Friday, September 30, 2011

September 30, 2011

Marjorie: "Mom, one of my pretend friends died. He was playing with plastic bags in his bed."

Tuesday, September 13, 2011

Monday, September 12, 2011

September 12, 2011

Marjorie (eating pancakes): "What's this on the edge of my plate?"
Mom: "That's syrup."
Marjorie: "Why is it brown?"
Mom: "That's what color syrup is."
Marjorie: "Oh, I thought it was diarrhea."

Saturday, August 6, 2011

August 6, 2011

Robin (watching a clip from SNL on TV with the NPR skit about Pete Shweddy): "This is a funny show and my mommy used to watch this and laugh and laugh."
Marjorie (a minute later): "When is it going to get to the funny part?"

Sunday, July 17, 2011

July 17, 2011

Marjorie yelling from her bed for one of us to come in. Vivian is asleep. Mark goes in.
Marjorie (matter of factly): "Thanks for coming in. I need the flute for just a minute."
Mark: "Why?"
Marjorie: "I need to tell Vivian something."
Mark: "Why do you need the flute?"
Marjorie: "Because I need to wake her up to tell her something."
Mark: "Would you want to be woken up with a flute?"
Marjorie: "Yeah, I would like you to wake me up with the flute tomorrow."

Friday, June 24, 2011

June 23, 2011

Marjorie: "I am going to hide my Band-Aid (on her finger) in my tush so Addy doesn't see it, because my tush is not transparent, right?"

Thursday, May 26, 2011

May 26, 2011

Marjorie: "Whoa! I can't believe it! My princess wand is transparent!"

Wednesday, May 25, 2011

May 25, 2011

Marjorie (upon seeing a man in a cowboy hat washing windows): "Look at that partner out there!"

Thursday, May 19, 2011

May 19, 2011

Marjorie: "I can't do a somersault anymore. I ran out of somersaults."

May 18, 2011

Marjorie (in the bathtub): "I have to get out! I have to toot!"
Mom: "You can just toot in the bathtub."
Marjorie: "But my toot will go down the drain!"

May 18, 2011

Marjorie (in the bathtub): "I have to get out! I have to toot!"
Mom: "You can just toot in the bathtub."
Marjorie: "But my toot will go down the drain!"

Thursday, May 5, 2011

May 5, 2011

Marjorie (to her blanket): "Sorry blankie, you've got to stay home.

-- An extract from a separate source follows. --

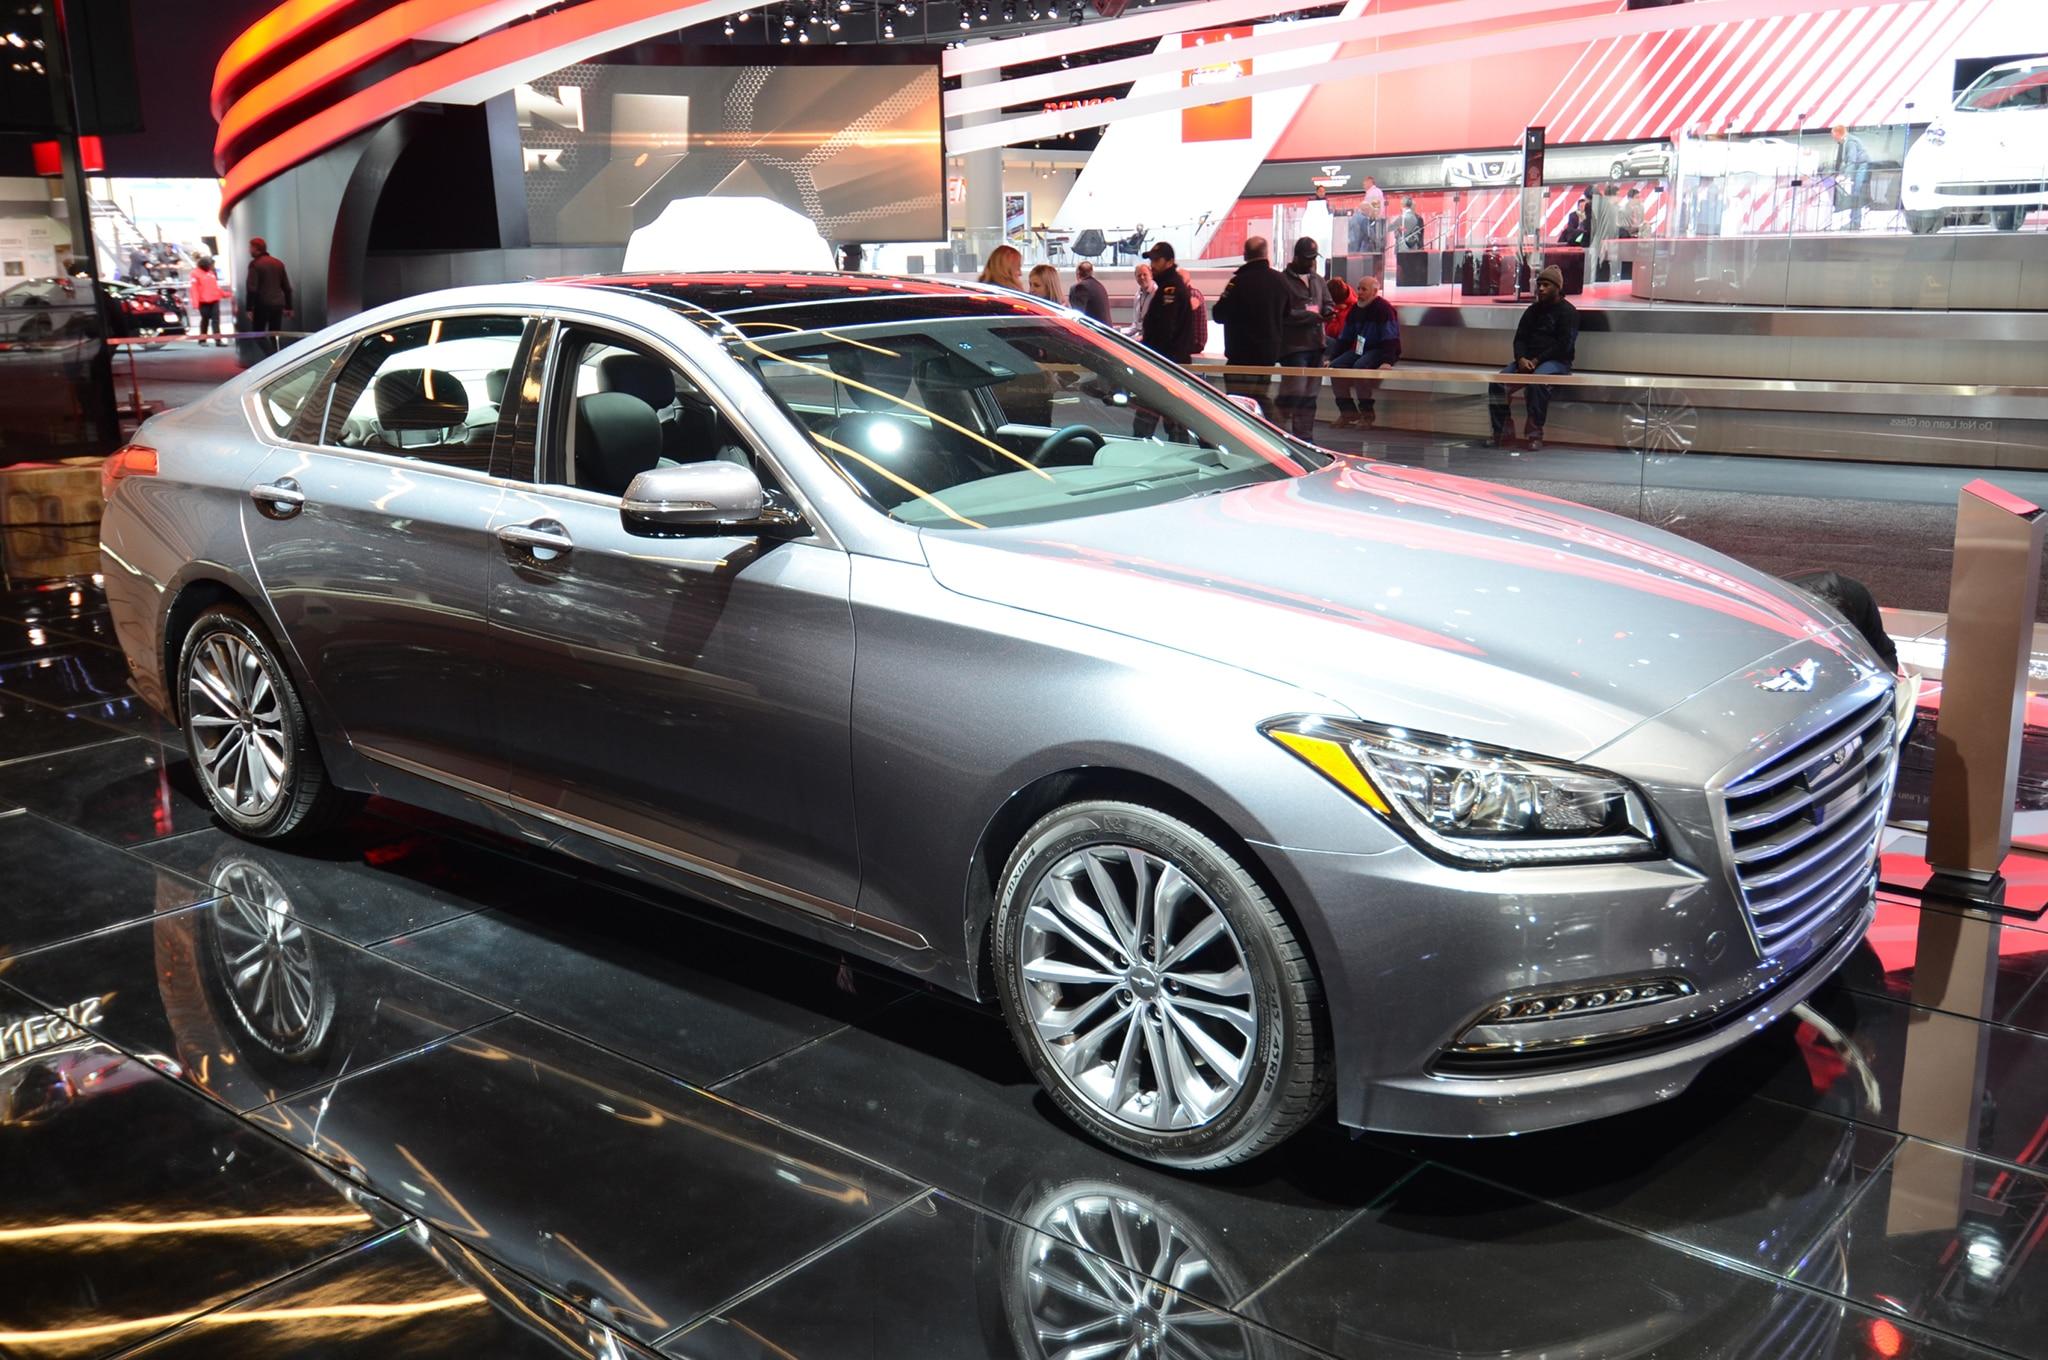 Genesis Coupe 2016 >> 2017 Genesis G80 Sedan Is a Rebadged Hyundai Genesis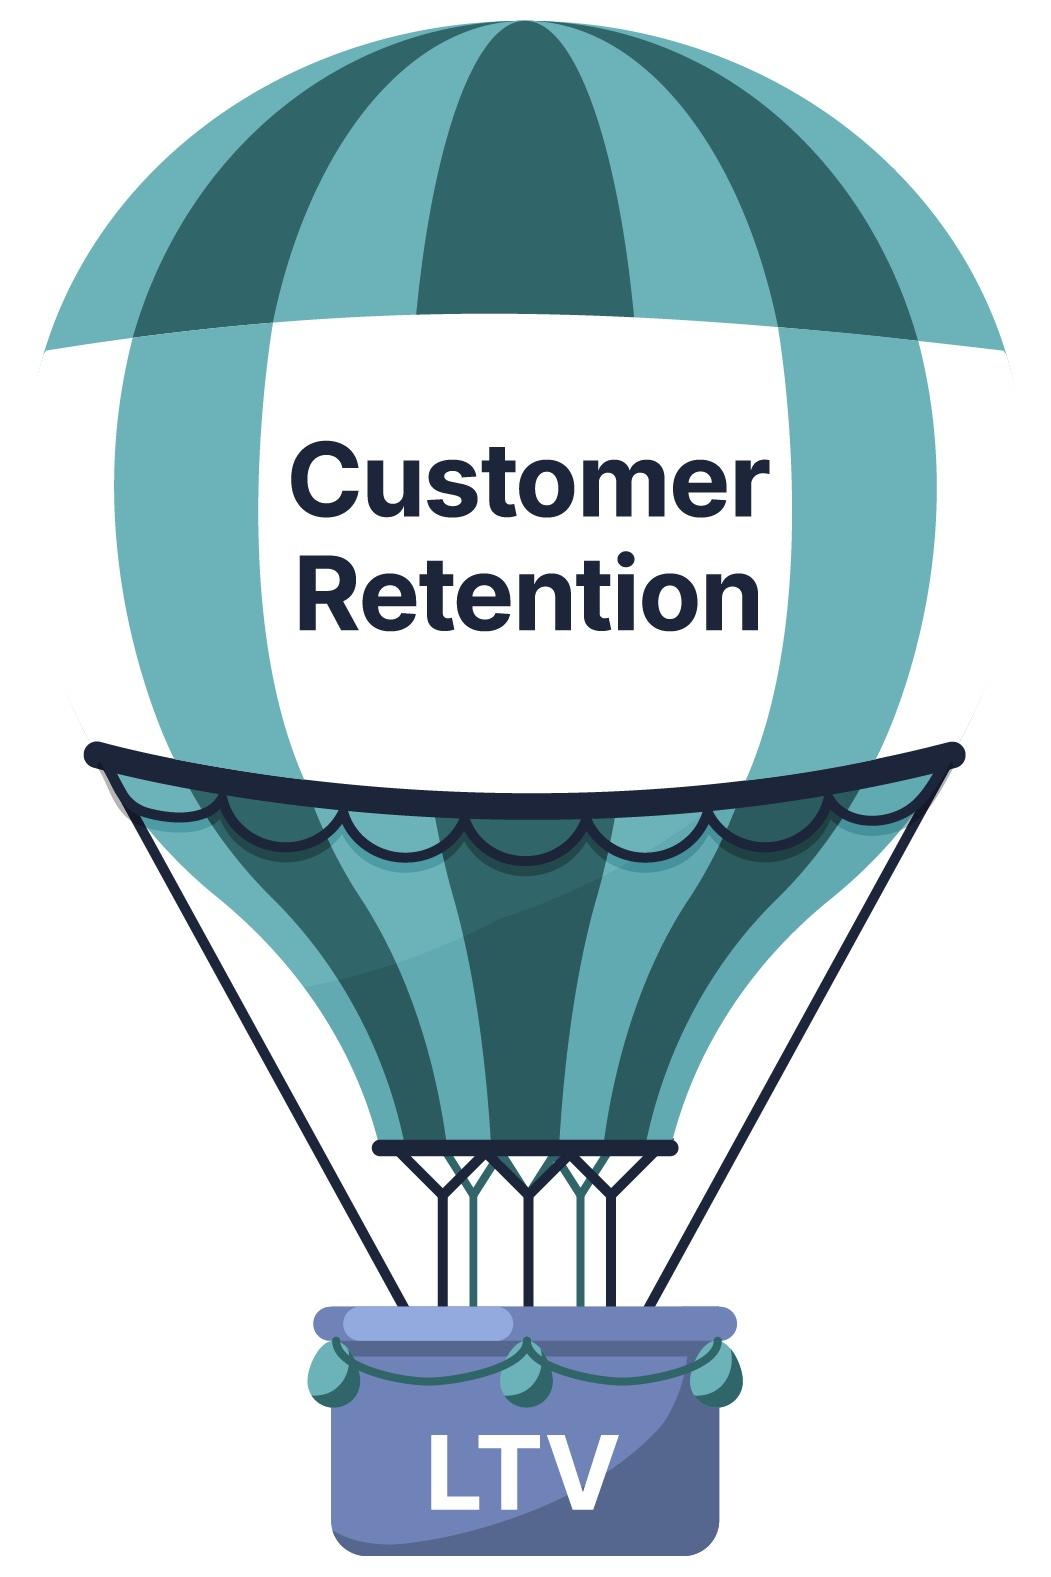 Hot air balloon cartoon: customer retention carries LTV higher.

Because you don't talk. (she says in a little voice, "I don't?") No. And you don't walk, either. And I can't carry you."

Wednesday, March 9, 2011

March 9, 2011

Marjorie (regarding Vivian): I don't know what to do with that baby. She's crazy.

Monday, February 28, 2011

February 28, 2011

Marjorie: "Oh no, God put the rain down again."
Mom: "Yeah, he did."
Marjorie: "No, she's a girl."
Mom: "Oh, God is a girl?"
Marjorie: "Hmm, maybe he is a boy. Jesus is a boy. He looks like he's a boy."

Saturday, February 26, 2011

February 24, 2011

Marjorie: Sun, go away! Go back in the clouds with Jesus and God.

Tuesday, February 22, 2011

February 21, 2011

Marjorie: Sleeping Beauty, meet Cinderella. Welcome to Sesame Street!